§ **PROBLEM**:
All the lines below need to be output exactly, apart from any images.

§ **GIVEN MATERIAL**:
• • •

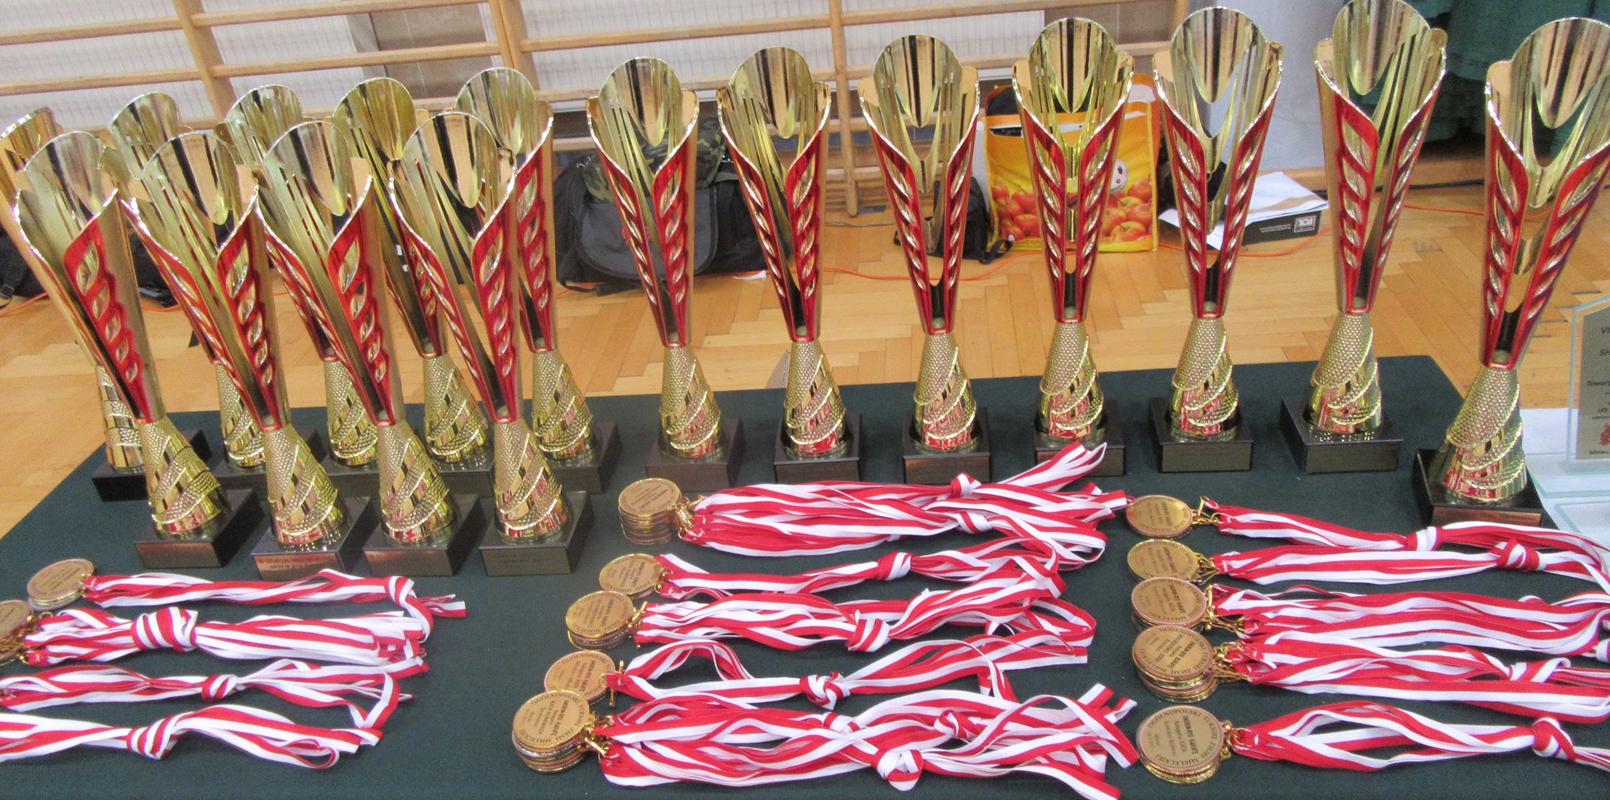 Nadnárodní Turnaj Karate Mielec (18.11.2017, Mielec) @ Mielec (Polsko)
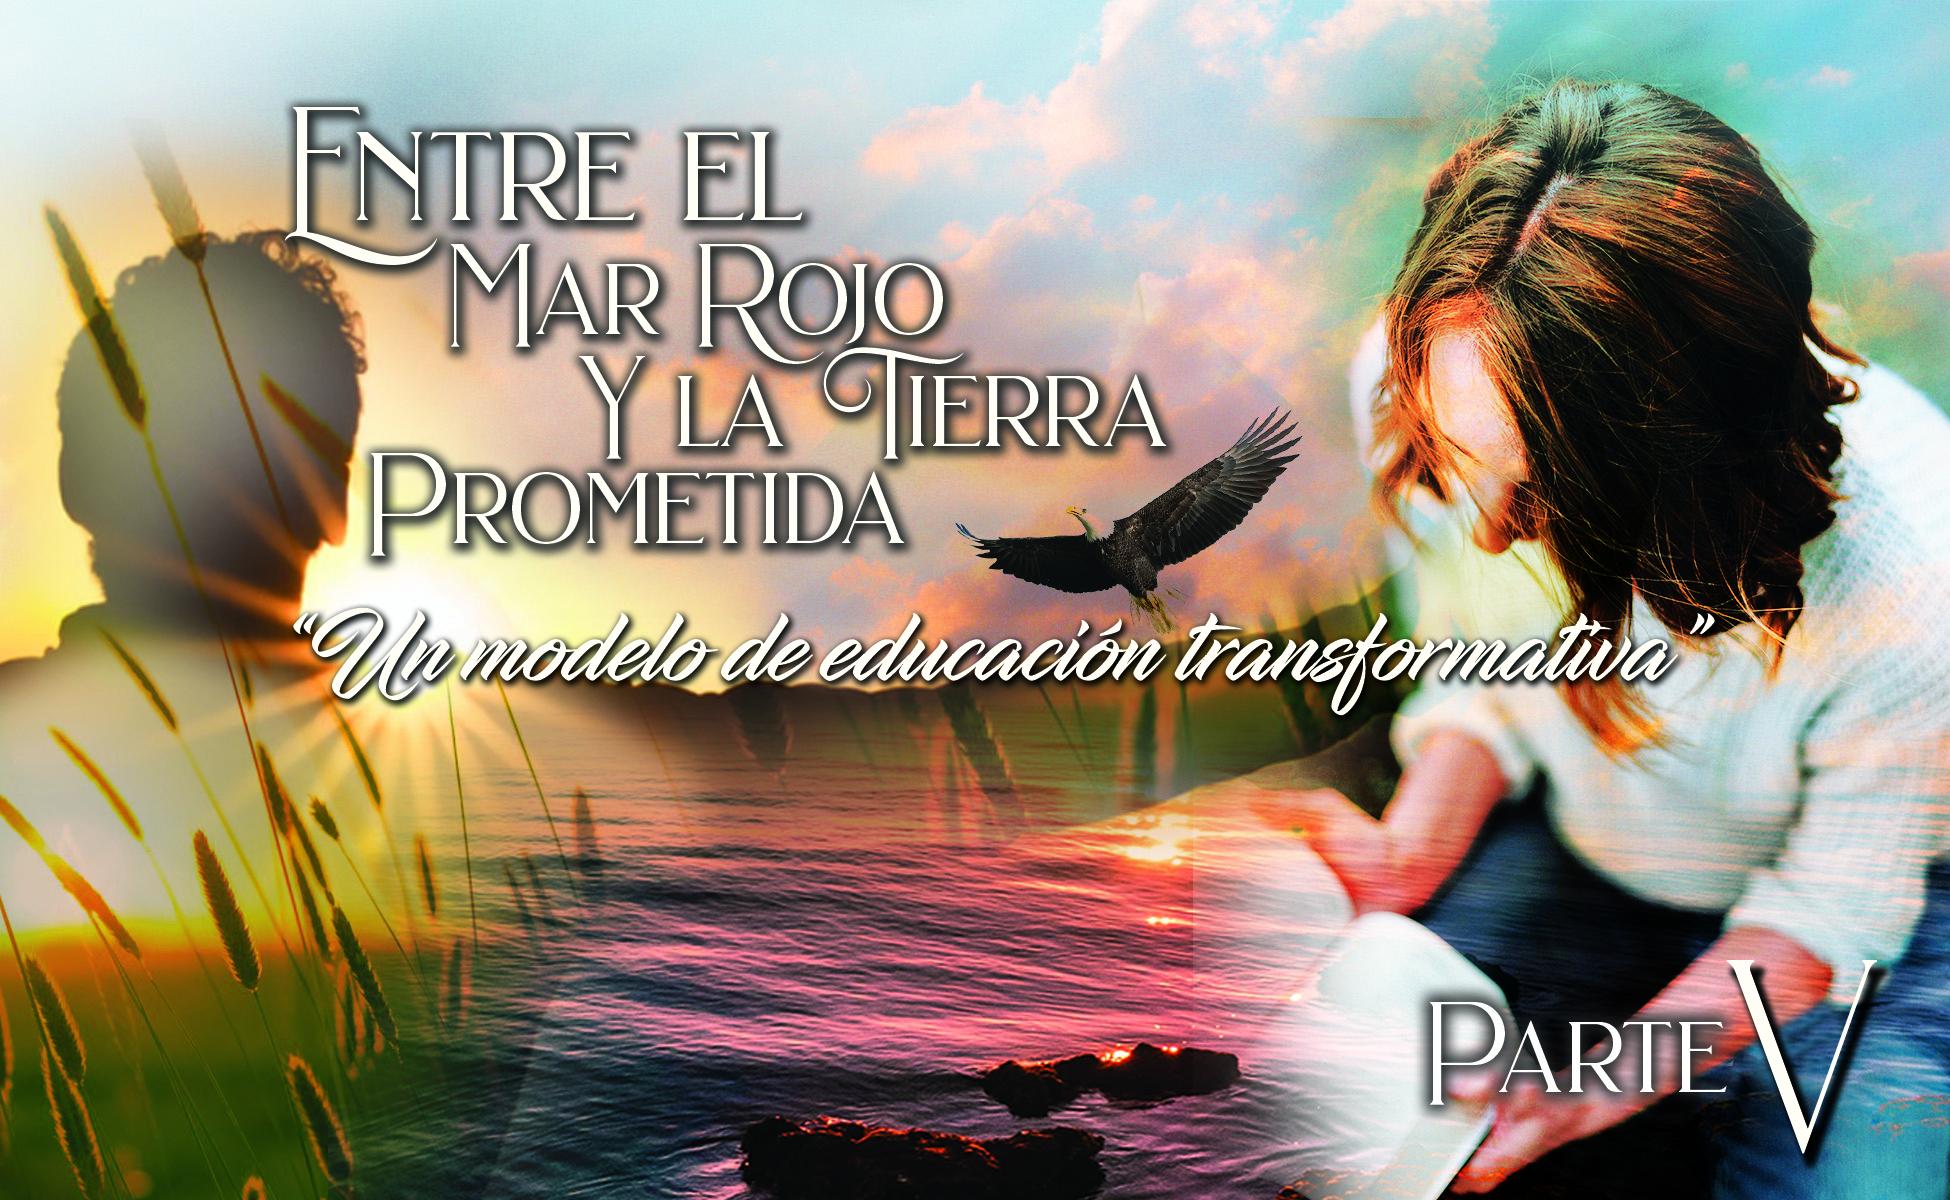 """751 • Entre el Mar Rojo y la Tierra Prometida: """" Un modelo de educación transformativa """" – Parte V • El Heraldo Digital del 5 de julio del 2020 • Volumen XV • 751"""
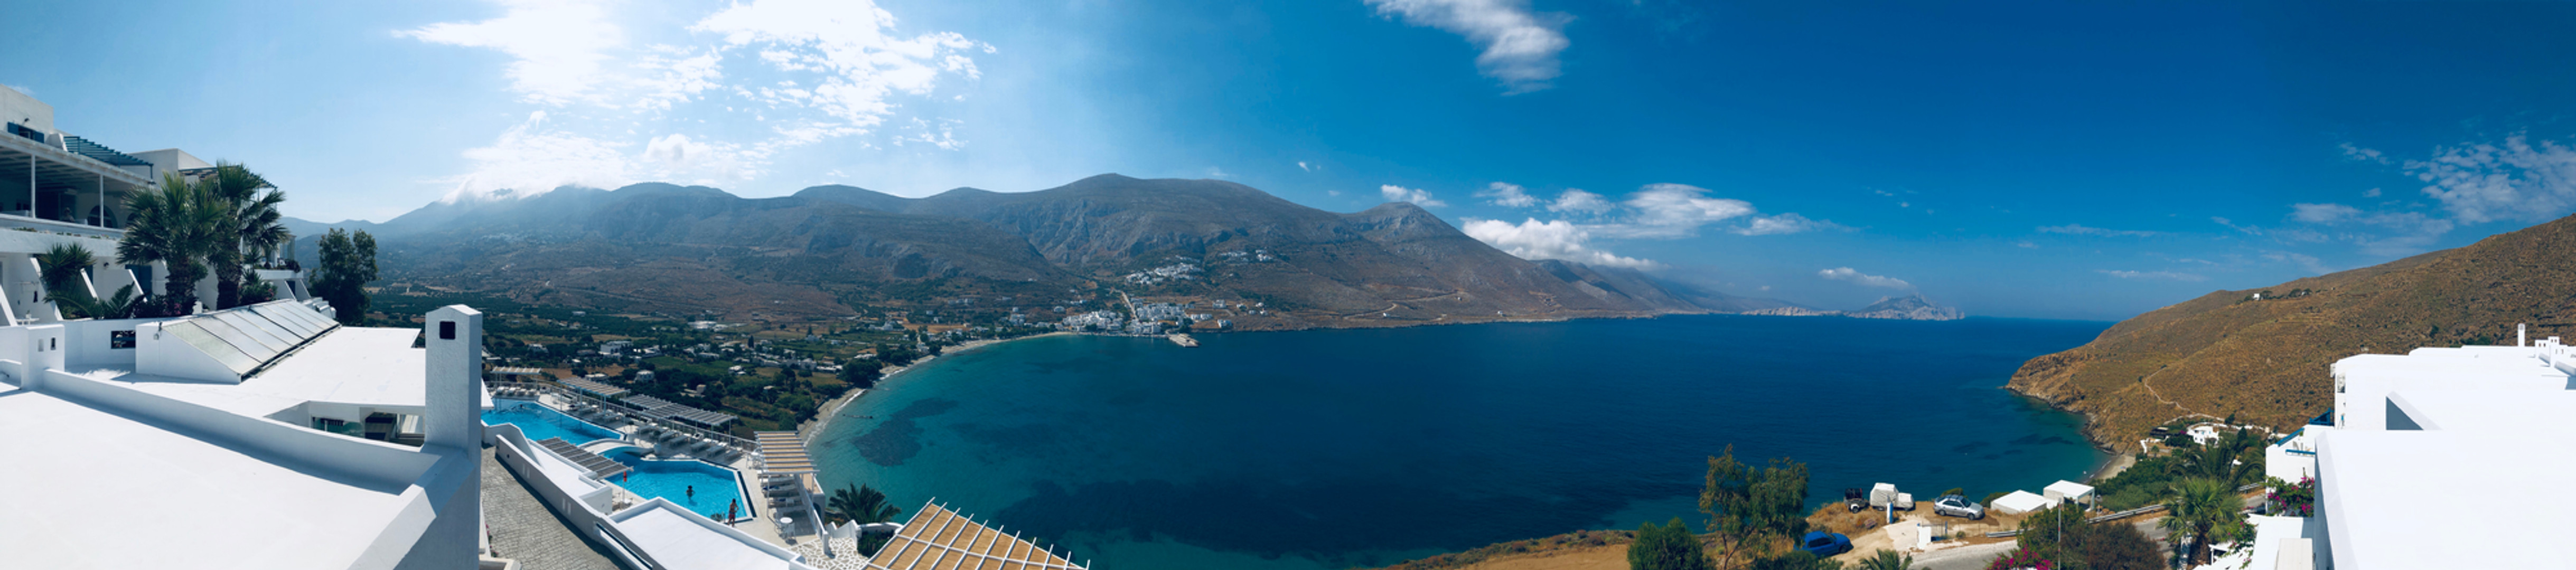 Panoramic View of Aegialis

• • •

§ **WRITTEN RESPONSE**:
 Nadnárodní Turnaj Karate Mielec (18.11.2017, Mielec) @ Mielec (Polsko)
 """751 • Entre el Mar Rojo y la Tierra Prometida: """" Un modelo de educación transformativa """" – Parte V • El Heraldo Digital del 5 de julio del 2020 • Volumen XV • 751"""
 Panoramic View of Aegialis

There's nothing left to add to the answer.